Fig. 3 Cigarette smoke induced FOXO4 expression in senescent lung fibroblasts. (A) Volcano plot of the DEGs between control and CSE-induced senescent HFL-1 cells. (B) and (C) qPCR and western blot analysis of FOXO4 mRNA and protein expression in control and senescent HFL-1 cells. (D) Western blot results of p21^Cip1/Waf1 and FOXO4 protein expression in the lung of normal and COPD mice. (E) IHC evaluates FOXO4 expression in the lung tissue of COPD mice. Scale bar = 100 μm. (F) Immunostaining showing the localization of FOXO4 in the COPD mice lung tissue. Red: FOXO4; Green: Vimentin; Blue: nuclei. Scale bar = 200 μm. *, P < 0.05; **, P < 0.01; ***, P < 0.001.

For further validation, we established a COPD mice model by exposing the mice to cigarette smoke for 6 months, as per our previous study.³⁷ This exposure resulted in disrupted airway epithelial structures and alveolar spaces, confirming COPD development in the mice. We observed elevated p21^Cip1/Waf1 expression in smoking-exposed mice lungs, indicating the presence of senescent lung tissues in COPD mice and supporting the potential of senotherapeutic strategies for COPD treatment. Furthermore, compared to the control group, we noticed increased FOXO4 protein expression in the smoking-exposure group (Fig. 3D).
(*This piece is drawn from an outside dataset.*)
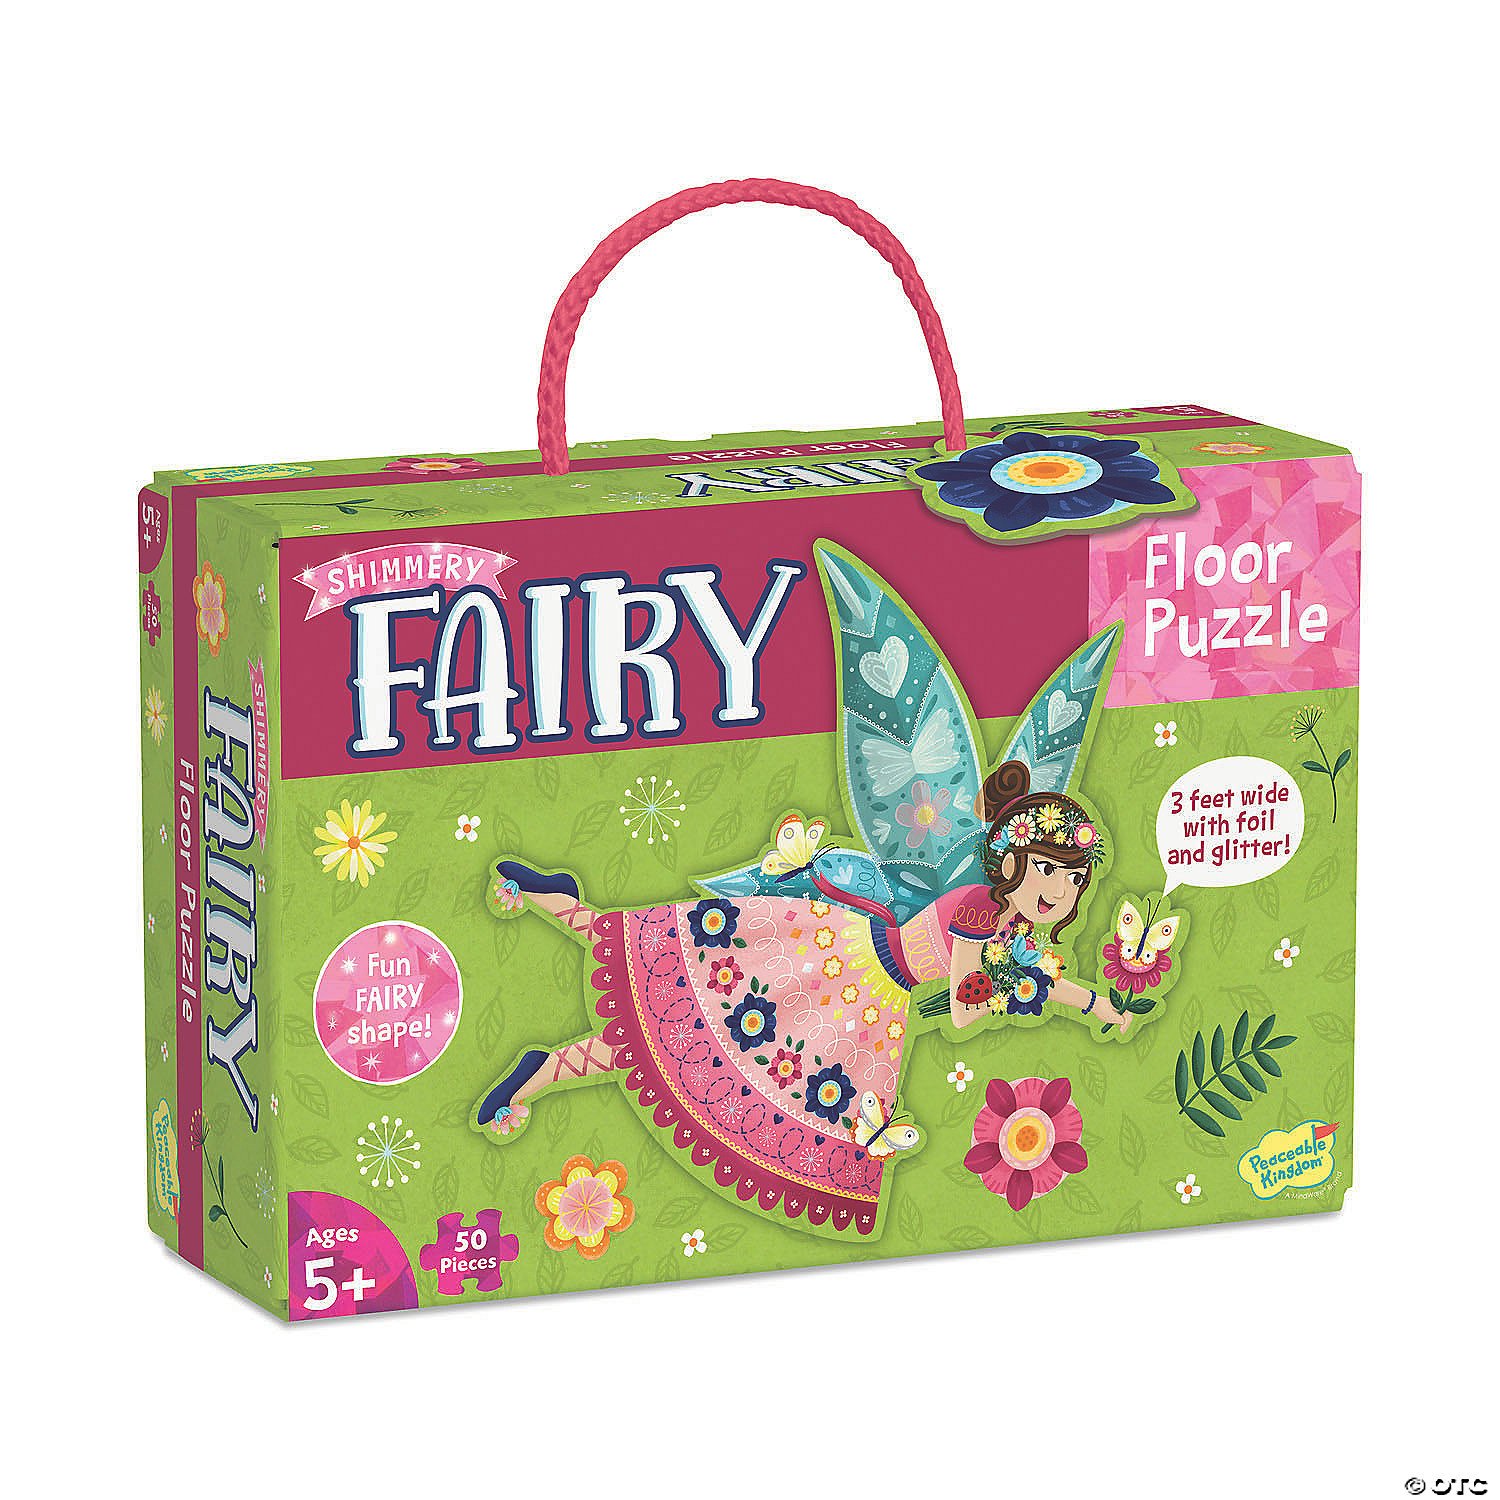 Floor Puzzle Fairy from Peaceable Kingdom shines with shimmering foil
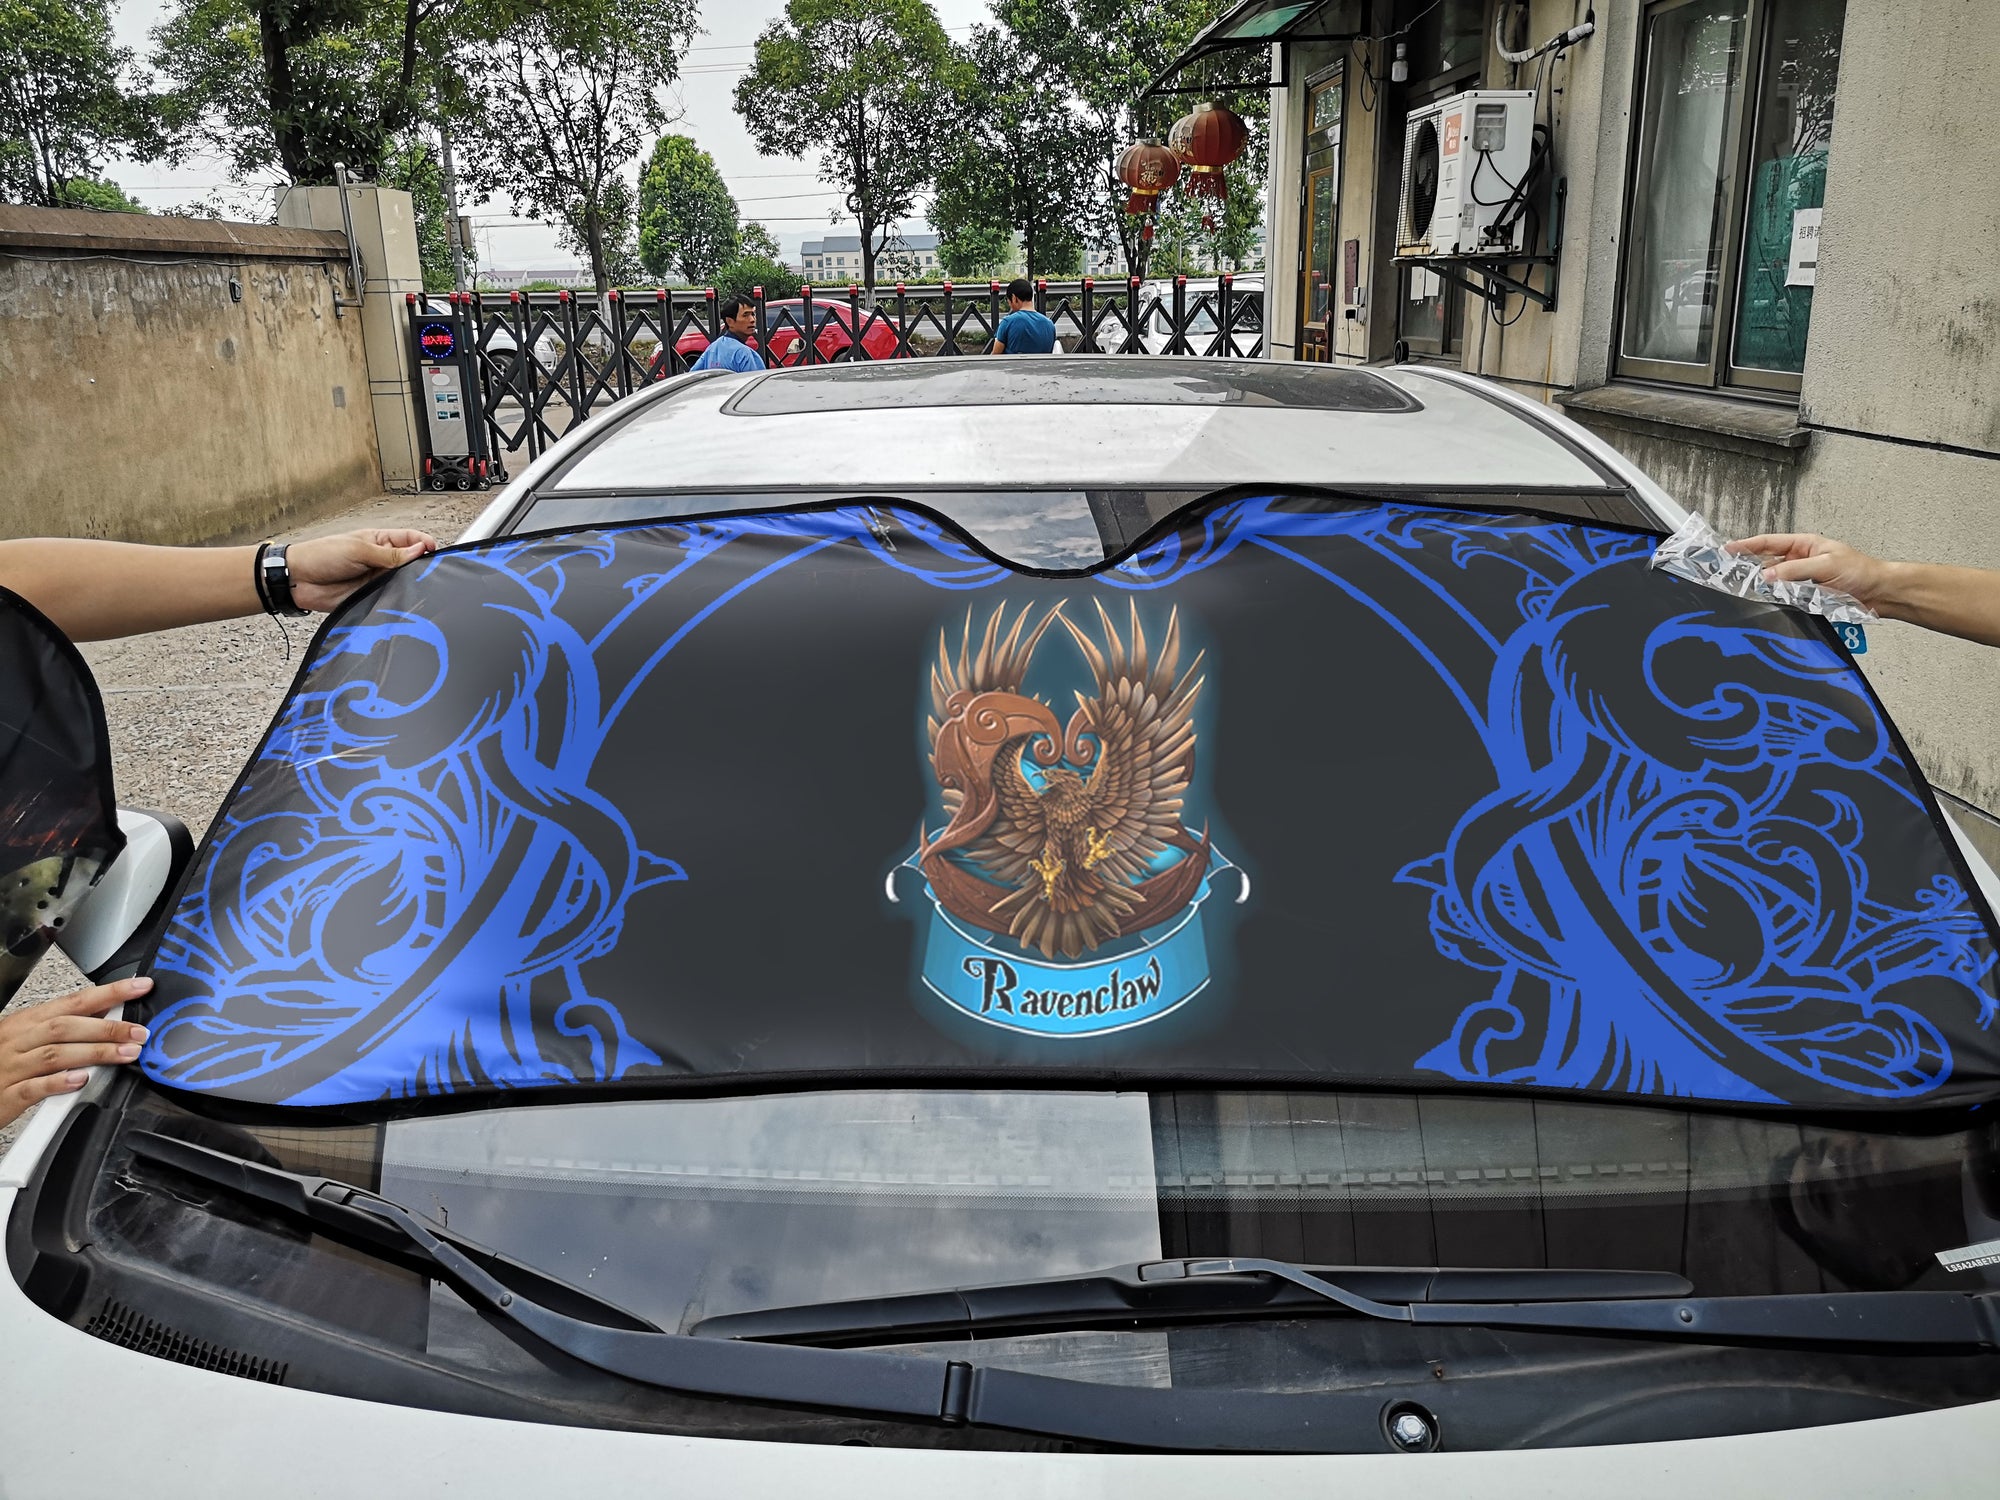 Wise Like A Ravenclaw Harry Potter Auto Sun Shade 57 x 27.5 Inches (145 x 70 cm)

Immunohistochemistry (IHC) assay also revealed higher expression of FOXO4 in the lung interstitium of smoking-exposed mice (Fig. 3E). Using dual immunofluorescence staining, we determined that FOXO4 co-localized with vimentin, a cytoplasmic intermediate filament protein expressed in various mesenchymal cells, including fibroblasts.⁴⁶ This co-localization indicated that FOXO4 was predominantly located in the interstitial area of the smoking-exposed lung (Fig. 3F). These findings strongly support the potential of targeting FOXO4 to eliminate cigarette-induced senescent lung fibroblasts as a treatment approach for COPD.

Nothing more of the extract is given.